# LED Light bar with dump bed



## TPCLandscaping (Jan 19, 2012)

Anyone have any ideas for a LED light bar for a truck with a dump bed? My one ton chevy i have an Truck Star Mini bar on the roof and 2 4" led's cut into the bed. I have an almost new Ram 3500 on the way and i dont want to start cutting holes in the bed yet. The problem with a light bar on the roof of the truck is you lose the use of the rear of the bar. i was thinking of building a mount to put it on top of the overhang of the bed and just cage the light in to protect it from material. But then it would be pretty high, especially to make sure its over my sander. Other option is just to suck it up and put it on the roof and mount lights on the back of the dump bed. 

so... any other ideas?


----------



## ScubaSteve728 (Jan 17, 2012)

some sort of stand/ mount to bolt on to the bed would be the best way to go or just put flat led's into the bed itself and problem solved. however if you dont need the lightbar all year round you could remove it so it wont get dammaged


----------



## TPCLandscaping (Jan 19, 2012)

Yeah i thought about just taking it off but when i'm mowing and park on the side of busy roads i like the strobe more than my 4-ways.. I'm also looking at the small LED strips to mount on the back of the bed.


----------



## BigBoyPlowin (Nov 16, 2012)

Posting a pic of the truck would help a bit... When you get it. 

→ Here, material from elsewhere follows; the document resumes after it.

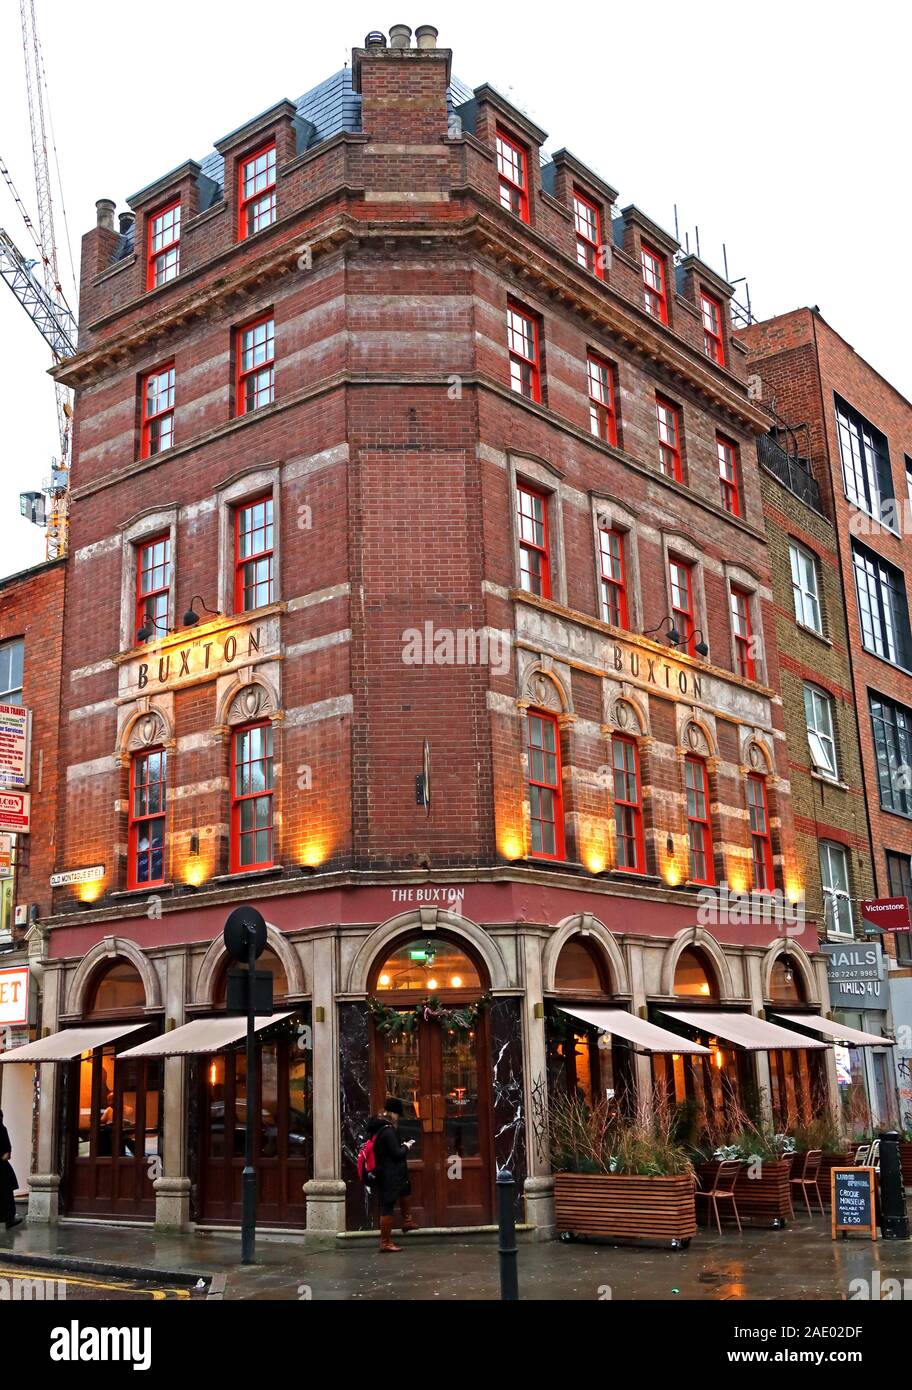 The Sir Thomas Buxton pub and hotel, Brick Lane,42 Osborn Street, London E1 6TD Stock Photo

I would just say for plowing go county style with the led bar on top of the cab protector... Then get some strobes to go in the dump body lights. I just like that style.. You can even put some strobes on the salter...I've been eying out some LED trucker turn signals (amber) that would be nice on one of our salt trucks. Also I've never had a lightbar break... Don't really see how or why a lightbar would break due to material falling on it way at the front of the trucks cab protector... 


Because you know in the summer you're not going to see any strobes or LEDs being hooked to a trailer! It's led on the roof or nothing!


----------



## TPCLandscaping (Jan 19, 2012)

My trailer sits lower then where I'd probably put the lights


----------



## Mr.Markus (Jan 7, 2010)

I have a roll tarp protector that we made a custom mount for the mini on top of, it works good.


----------



## TPCLandscaping (Jan 19, 2012)

You don't have a pic of that do you?


----------



## Mr.Markus (Jan 7, 2010)

No, It's just a 90 degree piece of aluminum welded to the tarp protector and we drilled holes for the bolts to hold the lights and wire.

It's alot of feet of wire but it's where I want it.


----------



## wilsonsground (Jun 29, 2012)

Either 2 beacons on both sides of the cab protector. Or buy 8 6" oval LED strobes and take a plasma cutter and Put 2 in the back of the body facing rear, 2 on the sides of the back of the dump body, 2 on the sides of the cab protector that over hangs the truck and the remaining 2 in the cab over hang facing forward. All clean and flush mounted but bright!


----------



## Mr.Markus (Jan 7, 2010)

I do have a picture of it after all...

What you don't see is the aluminum pipe that the cable is protected by on the front .The cable is only exposed around the tarp protector but it is also encased in that sloted plastic cable protector for the whole length.


----------